_Task brief_:
For the material below, return exactly the lines starting at the line containing "CAMPAIGN AGAINST ILLEGAL FIREWORKS" and ending at the line containing "September is Childhood", both ends included, and no others.

_Data extract_:
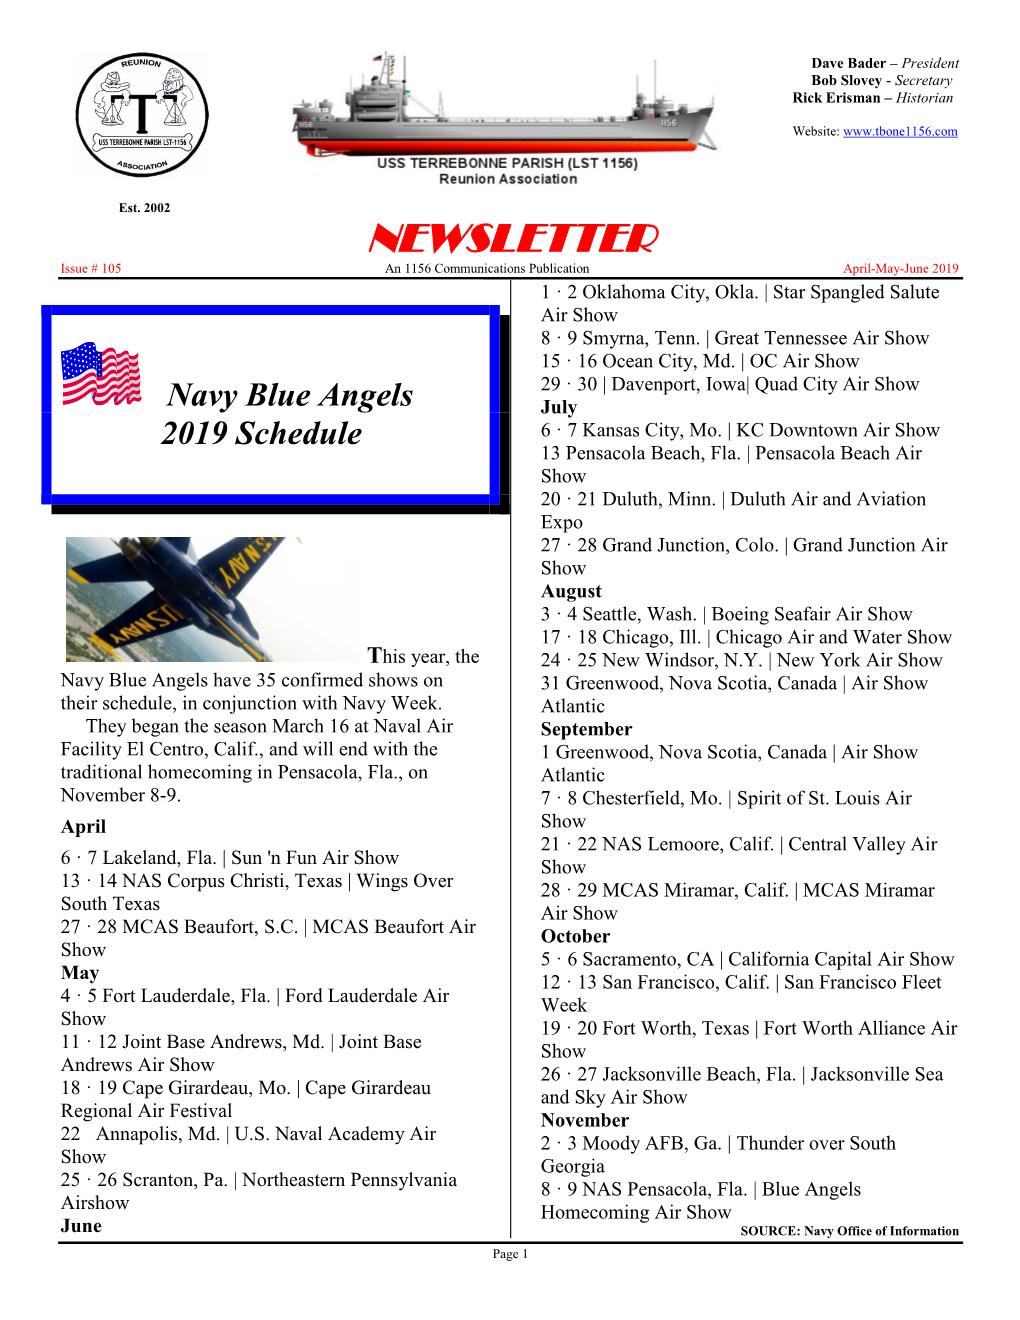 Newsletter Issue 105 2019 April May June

---

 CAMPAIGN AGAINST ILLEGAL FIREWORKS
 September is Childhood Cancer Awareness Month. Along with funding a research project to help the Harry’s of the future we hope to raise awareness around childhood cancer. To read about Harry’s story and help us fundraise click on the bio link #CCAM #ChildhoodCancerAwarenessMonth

_Response box_:
 CAMPAIGN AGAINST ILLEGAL FIREWORKS
 September is Childhood Cancer Awareness Month. Along with funding a research project to help the Harry’s of the future we hope to raise awareness around childhood cancer. To read about Harry’s story and help us fundraise click on the bio link #CCAM #ChildhoodCancerAwarenessMonth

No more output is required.